• Source data
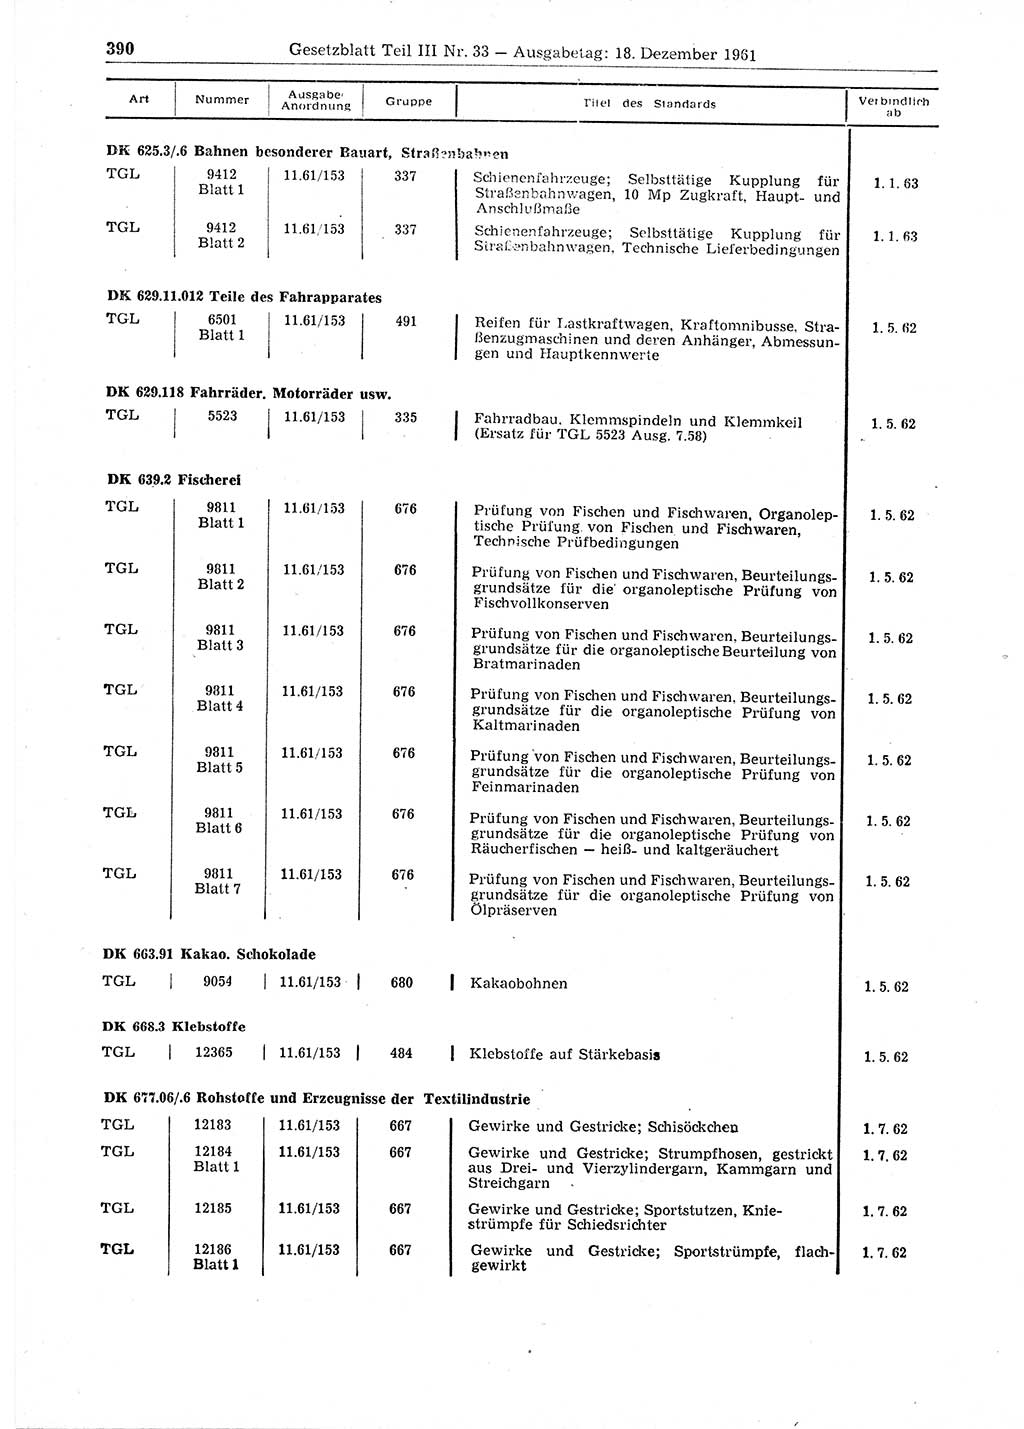 Gesetzblatt (GBl.) der Deutschen Demokratischen Republik (DDR) Teil ⅠⅠⅠ 1961, Seite 390 (GBl. DDR ⅠⅠⅠ 1961, S. 390)
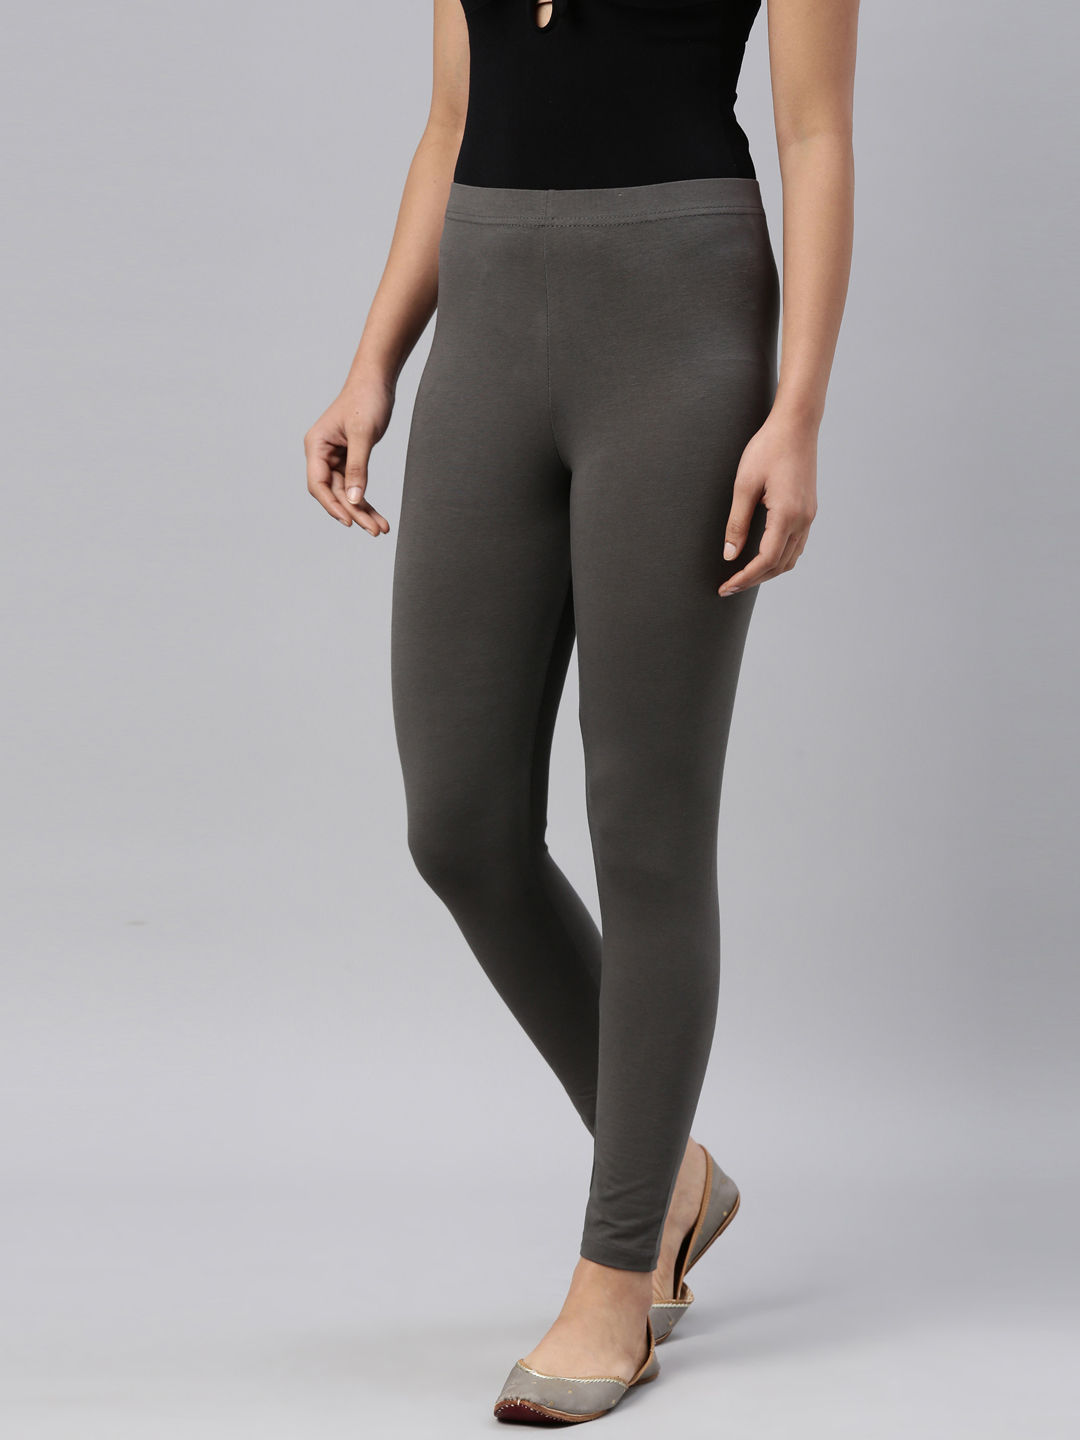 Buy Grey Leggings for Women by Amante Online | Ajio.com
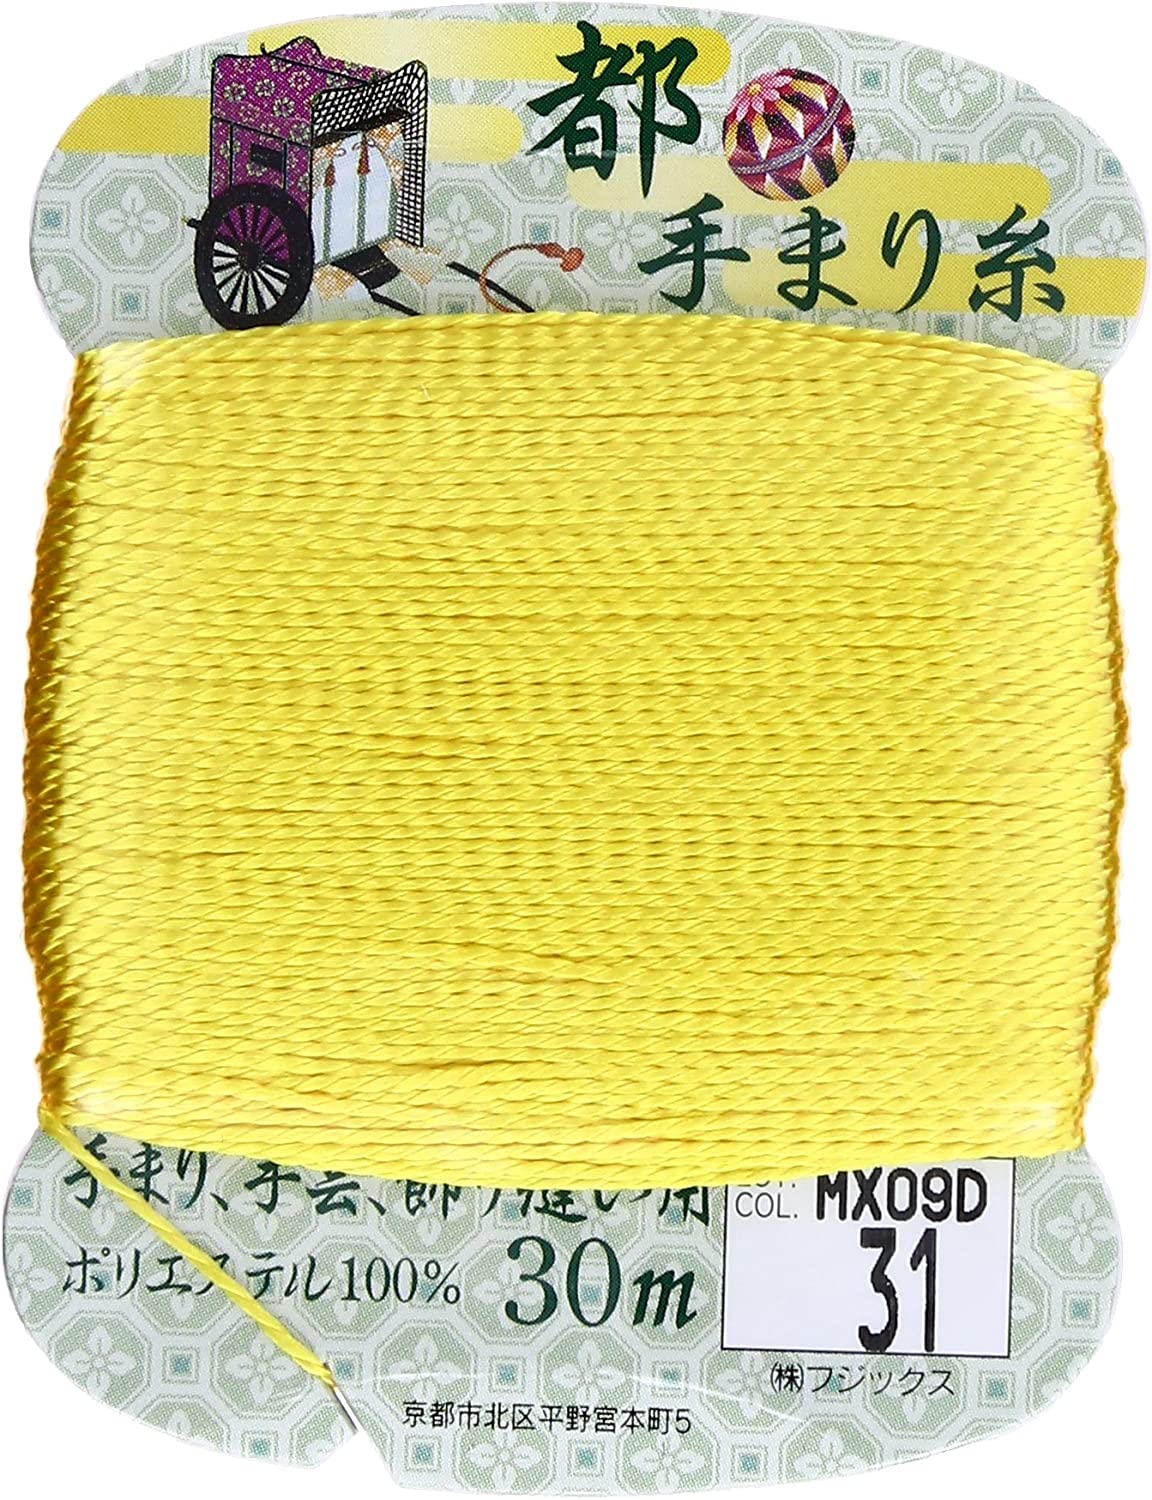 手まり糸「手芸材料の卸売りサイトChuko Online」

• What to do
Please reproduce the material above word for word, without its images.

• Written reply
 Gesetzblatt (GBl.) der Deutschen Demokratischen Republik (DDR) Teil ⅠⅠⅠ 1961, Seite 390 (GBl. DDR ⅠⅠⅠ 1961, S. 390)
 Buy Grey Leggings for Women by Amante Online | Ajio.com
 手まり糸「手芸材料の卸売りサイトChuko Online」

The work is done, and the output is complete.